Sorabji, Cornelia  (1866-1954), barrister and social reformer, was born at Nasik in the Bombay Presidency, India, on 15 November 1866, the fifth daughter of the Revd Sorabji Karsedji, a Parsi Christian convert, and his wife, Franscina Ford, who had been brought up by an English couple. The Sorabji children were taught to respect all that was best in Indian and British cultural tradition. They also imbibed from their mother a spirit of social service. Early in childhood Cornelia Sorabji became acquainted with the injustice and servitude experienced by Indian women, especially the purdahnashins who led a secluded life behind the veil. Most of these women in purdah owned considerable property, but were unable to protect it since they were forbidden to communicate with the outside male world and were denied the necessary legal expertise and knowledge. Sorabji's concern for such women largely determined the course of her career: she resolved to fight the legal battles of wives, widows, and orphans, who were unable to do so in their customary seclusion.

The first woman student of Deccan College, Poona, Sorabji became the first female graduate in western India. She received a first-class degree in literature in 1888 from Bombay University which, but for her sex, would have entitled her to a scholarship to study at a British university. Instead, she had to content herself with a teaching job in Gujarat College, Ahmadabad. However, determined not to be bound by discrimination, Sorabji joined Somerville College, Oxford, in 1889 with the help of English friends. She was given special permission to sit for the examination in bachelor of civil law in 1892, the first woman ever to do so, and was placed in the third class. But Sorabji was not admitted to the degree because women in Oxford gained this right only in 1919. It was not until 1922 that she was able to return to Oxford and receive her law degree. She was called to the bar from Lincoln's Inn the following year.

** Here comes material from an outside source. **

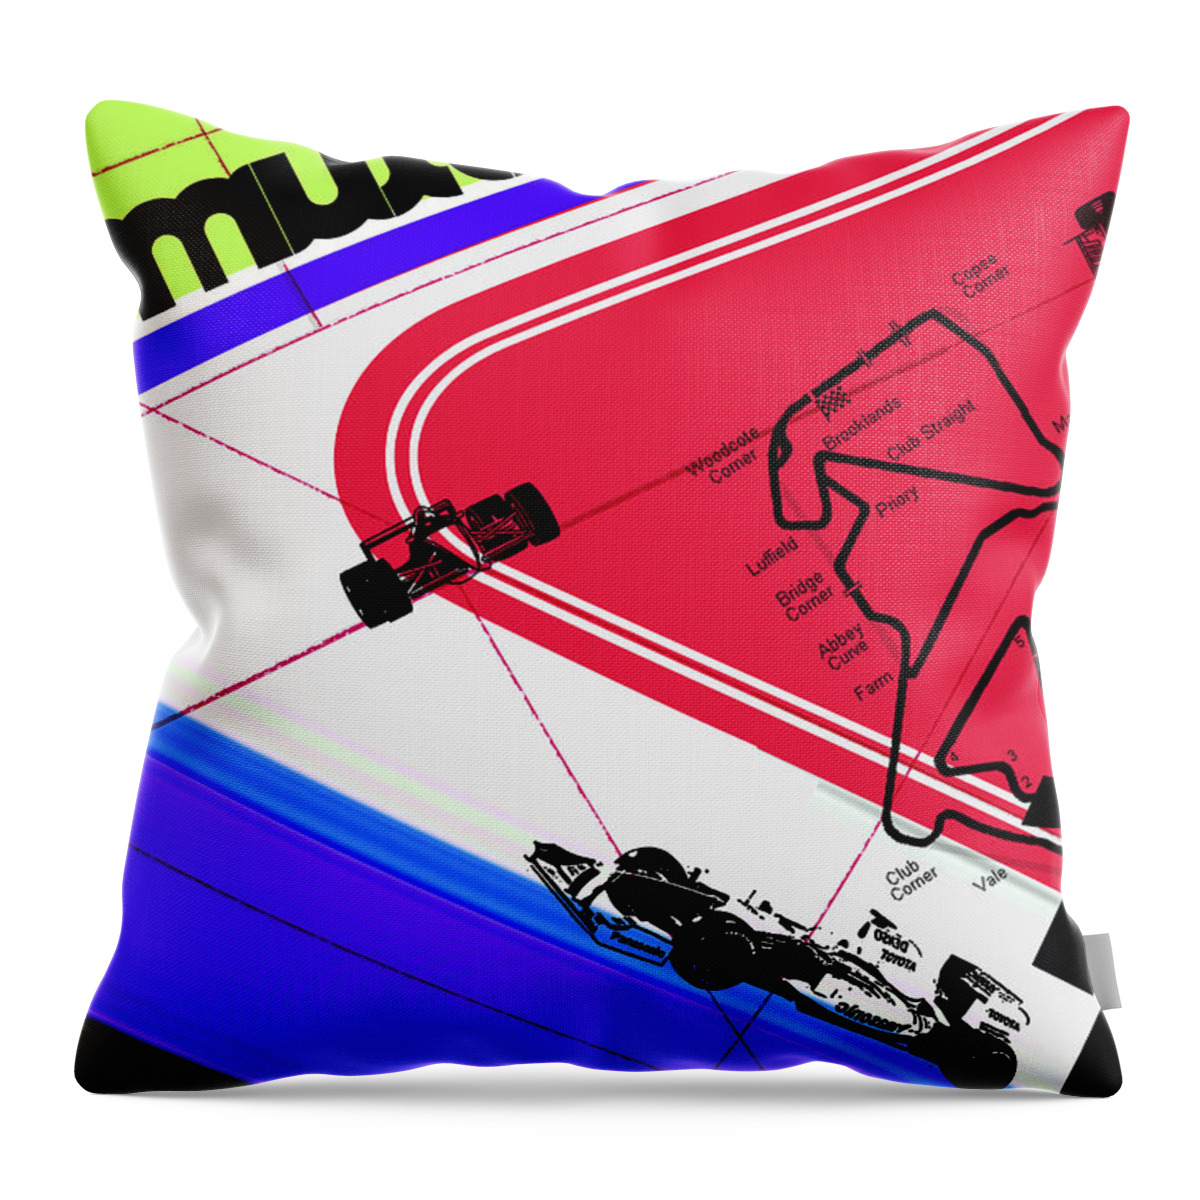 F1 Throw Pillow featuring the digital art F1 by Naxart Studio
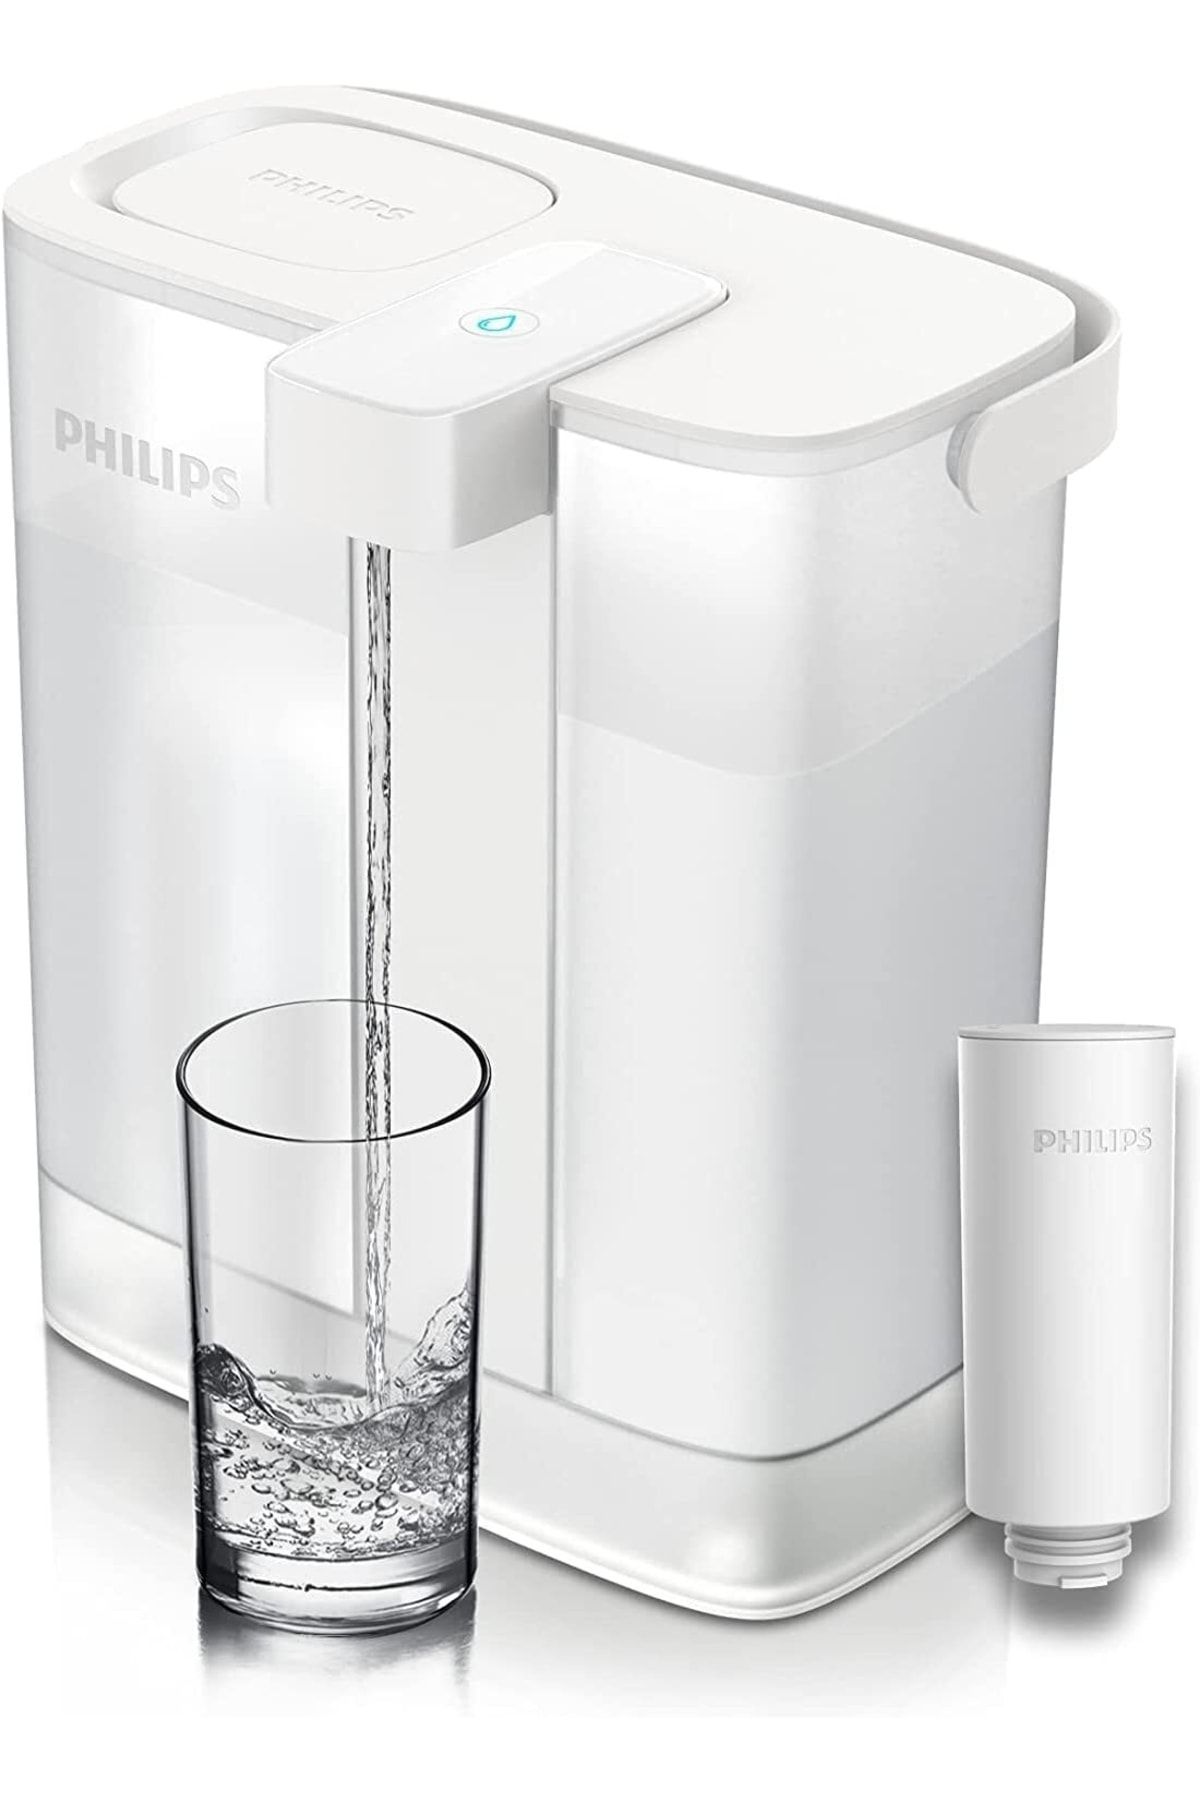 Philips Anında Su Filtresi, 3l Kapasiteli Su Filtreli Sürahi

Cornelia Sorabji's student days in Oxford moulded her views on politics, social issues, and Indo-British relations. At Oxford she enjoyed the friendship of Benjamin Jowett, through whom she was introduced to leading contemporary figures in politics, law, social service, and literature. Sorabji met the aged Florence Kent and was presented at court. She acquired a deep appreciation for British civilization and culture, and believed in Britain's civilizing role in India. Exposure to late nineteenth-century Conservative philosophy also made her detest democracy and popular politics.

On her return to India in 1894 Sorabji was initially involved with educational work in the principality of Baroda since her gender denied her the right to plead before the Indian courts of law. She could appear only with special permission in cases concerning proprietary rights of Hindu women before the British agents of Kathiawar and Indore principalities. But determined to secure professional standing in the Indian legal world, Sorabji presented herself for the LLB examination of Bombay University in 1897 and pleader's examination of Allahabad high court in 1899. Despite her success she was denied registration as a practising lawyer.

In these circumstances Sorabji turned to the colonial bureaucracy in order to put her legal knowledge to practical use. With great difficulty she persuaded the India Office to appoint her in 1904 lady legal adviser to the court of wards in Bengal, Bihar, Orissa, and Assam, as a kind of liaison officer between women in purdah and the outside world to deal with the problems connected with women and minors whose estates were being administered by the courts. Sorabji was nevertheless herself much influenced by the customs and rituals of the upper-caste Hindu women with whom she dealt, and she subsequently involved herself with women's organizational and social service work. She contributed to infant welfare and district nursing programmes and became associated with the Bengal branch of the National Council for Women in India, the Federation of University Women, and the Bengal League of Social Service for Women. She was awarded the kaisar-i-Hind gold medal in 1909. However, while carrying out this work Sorabji continued to face discrimination against her as a woman and an Indian-at which she protested.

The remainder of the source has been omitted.